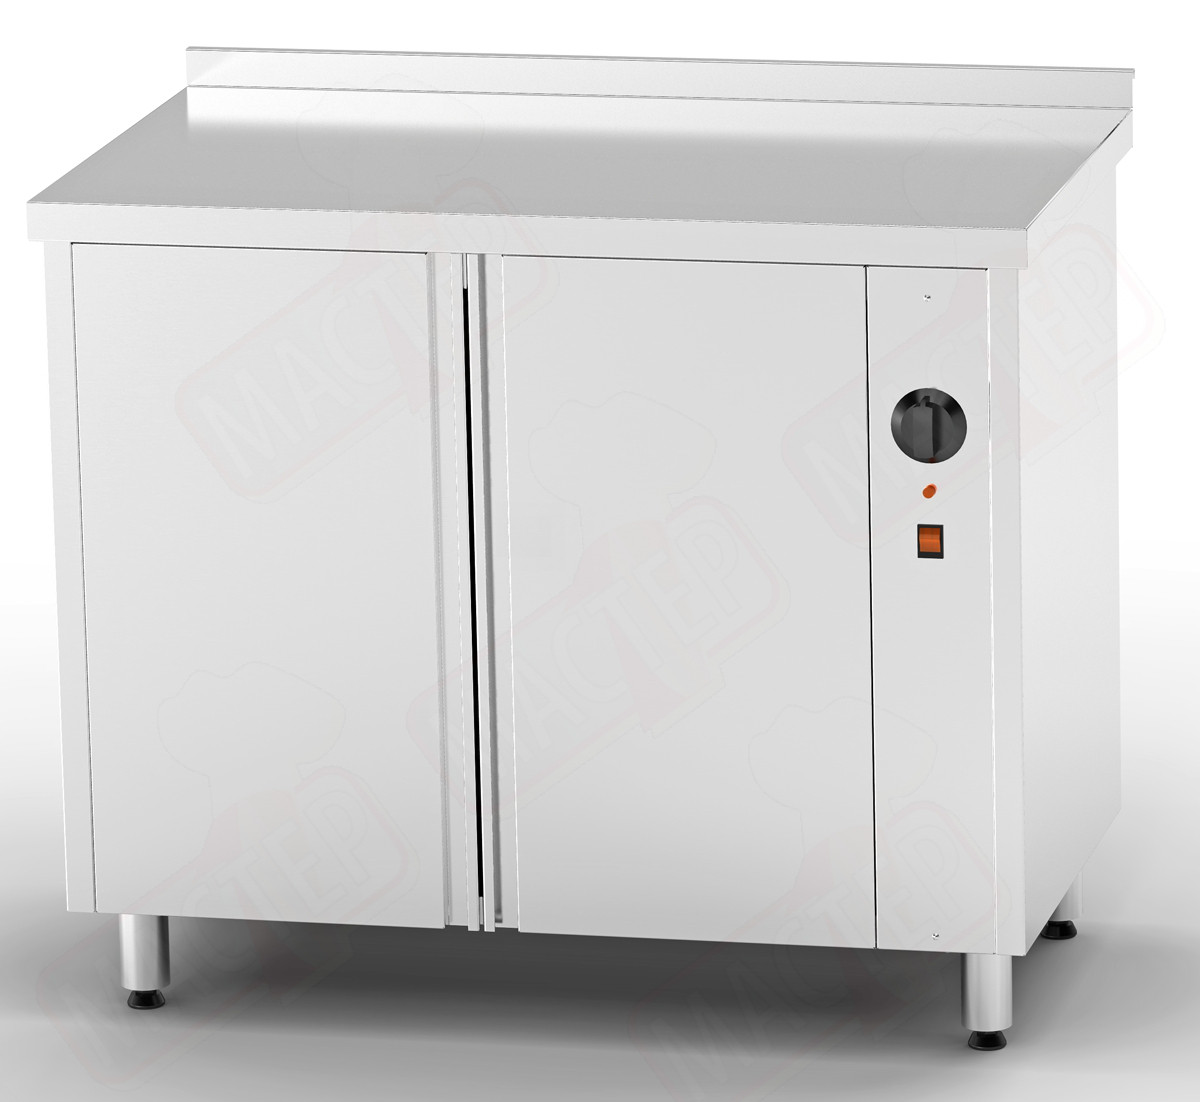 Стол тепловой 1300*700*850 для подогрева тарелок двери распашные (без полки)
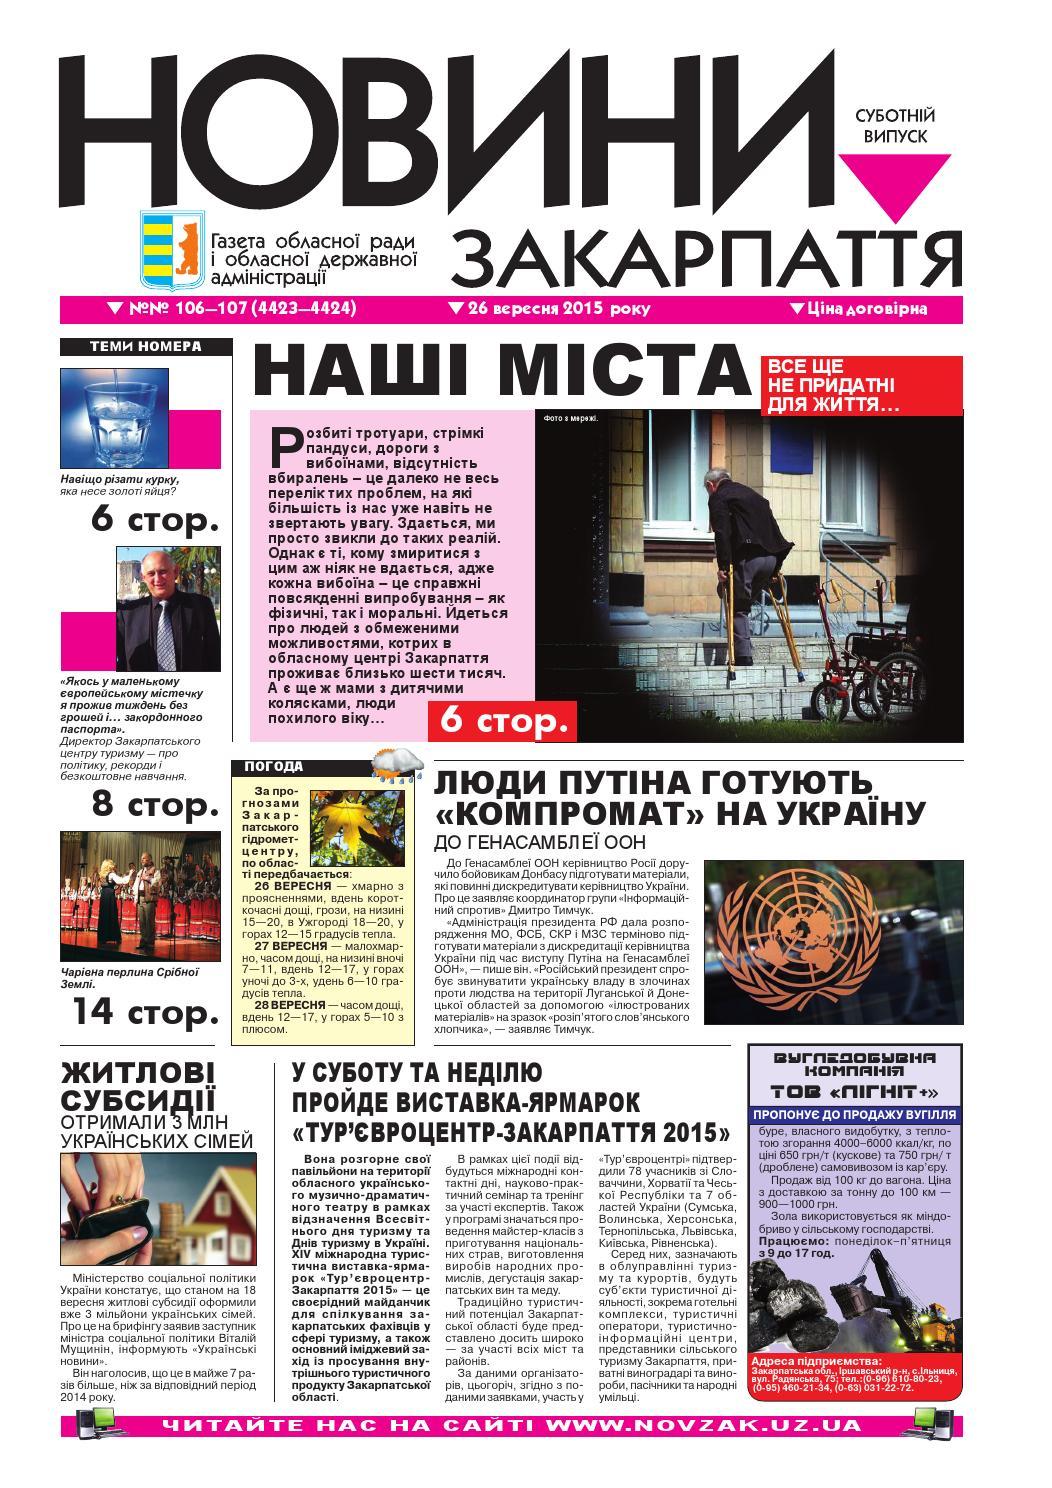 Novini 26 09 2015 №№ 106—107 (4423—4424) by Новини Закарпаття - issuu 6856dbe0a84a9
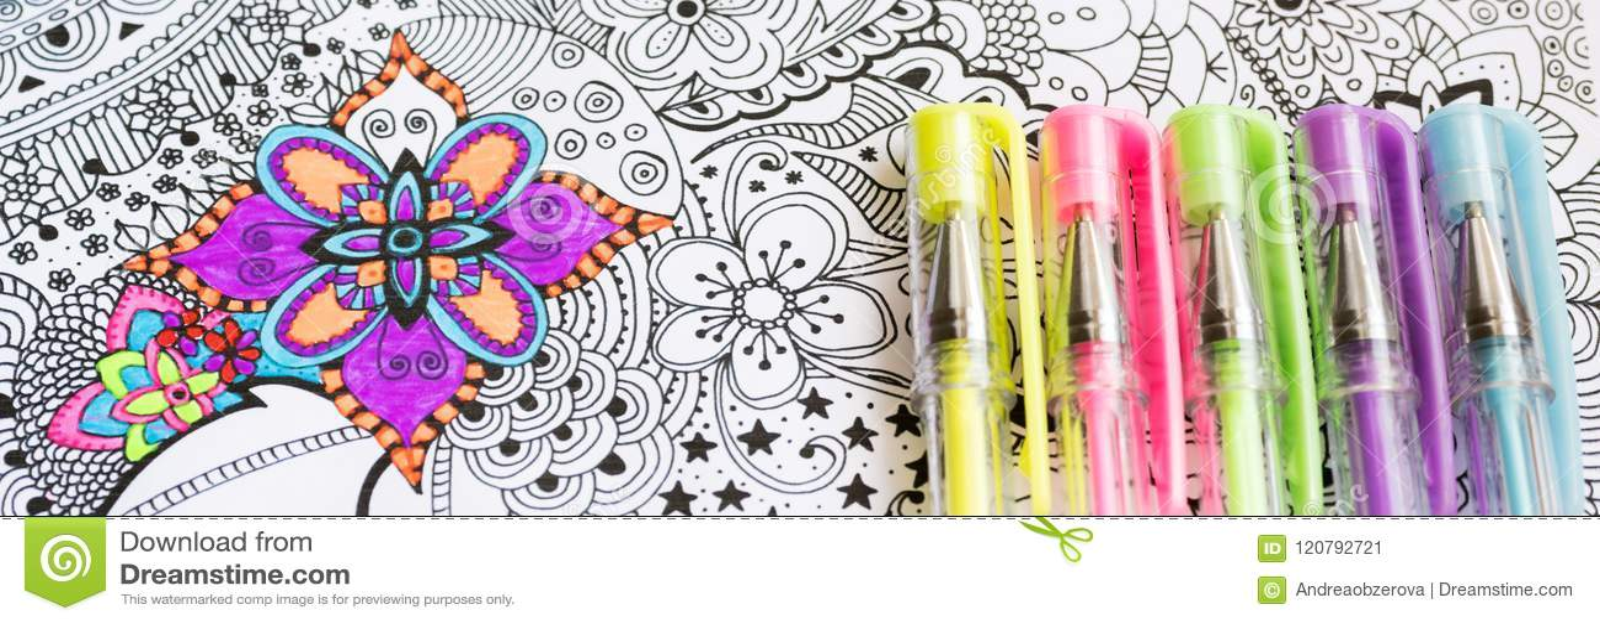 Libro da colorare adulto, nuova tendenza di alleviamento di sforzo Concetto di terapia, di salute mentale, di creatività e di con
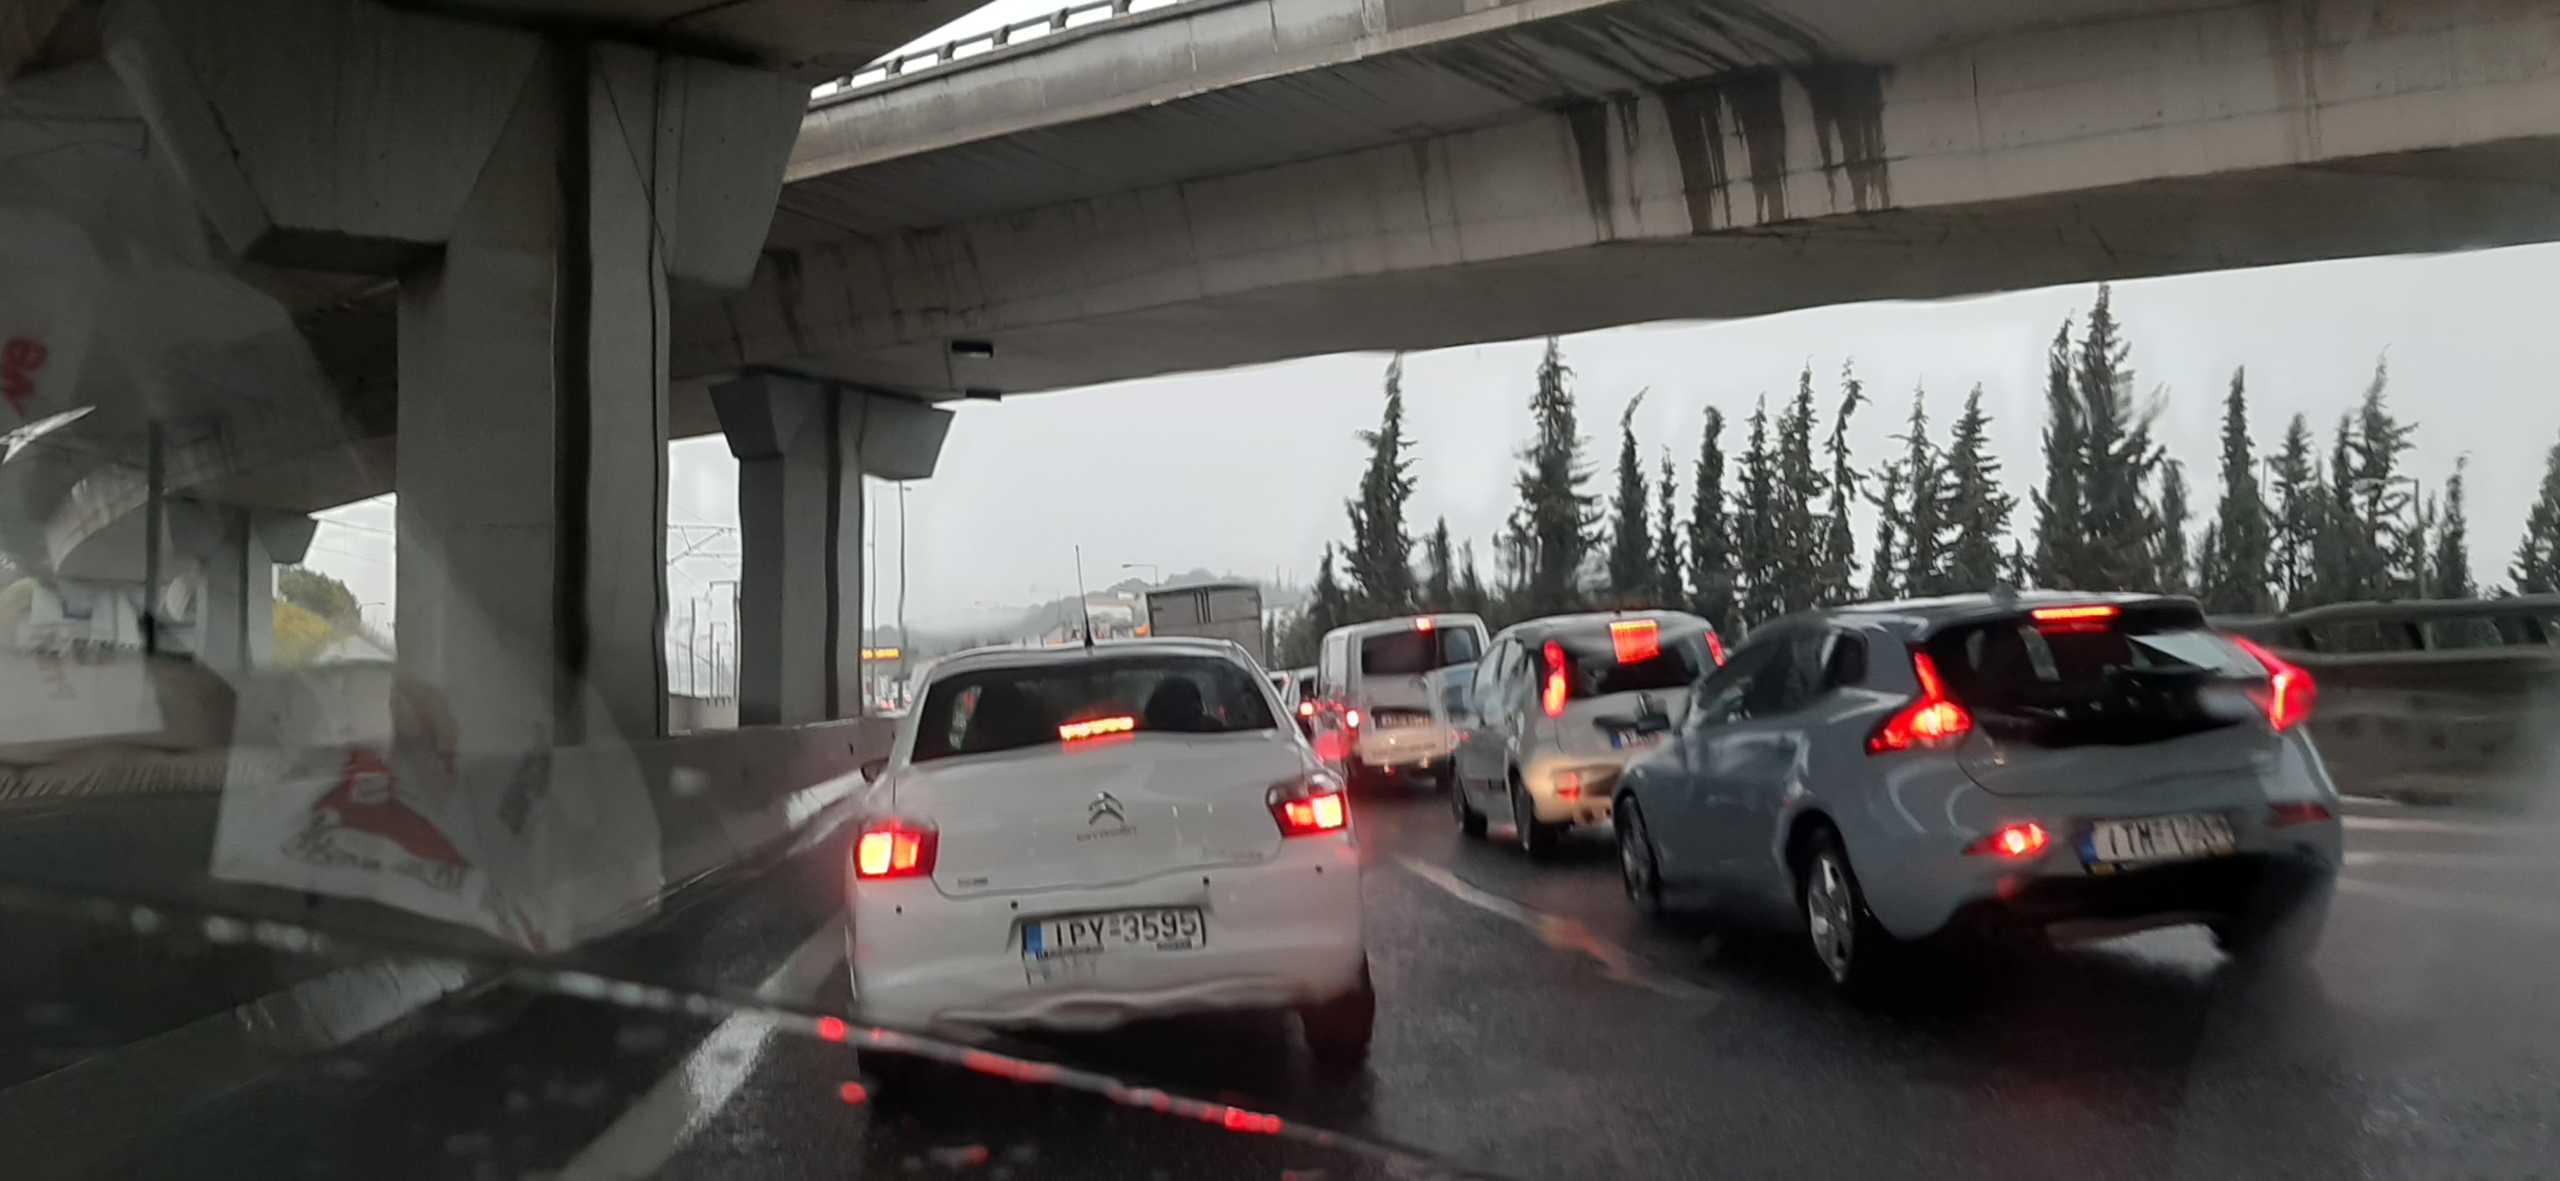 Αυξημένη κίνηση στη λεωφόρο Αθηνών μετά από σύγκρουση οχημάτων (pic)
* * * * * * *
EXERCISE OBJECTIVE
Each line above should be written out again exactly, without any image.

RESULT
 Стол тепловой 1300*700*850 для подогрева тарелок двери распашные (без полки)
 Novini 26 09 2015 №№ 106—107 (4423—4424) by Новини Закарпаття - issuu 6856dbe0a84a9
 Libro da colorare adulto, nuova tendenza di alleviamento di sforzo Concetto di terapia, di salute mentale, di creatività e di con
 Αυξημένη κίνηση στη λεωφόρο Αθηνών μετά από σύγκρουση οχημάτων (pic)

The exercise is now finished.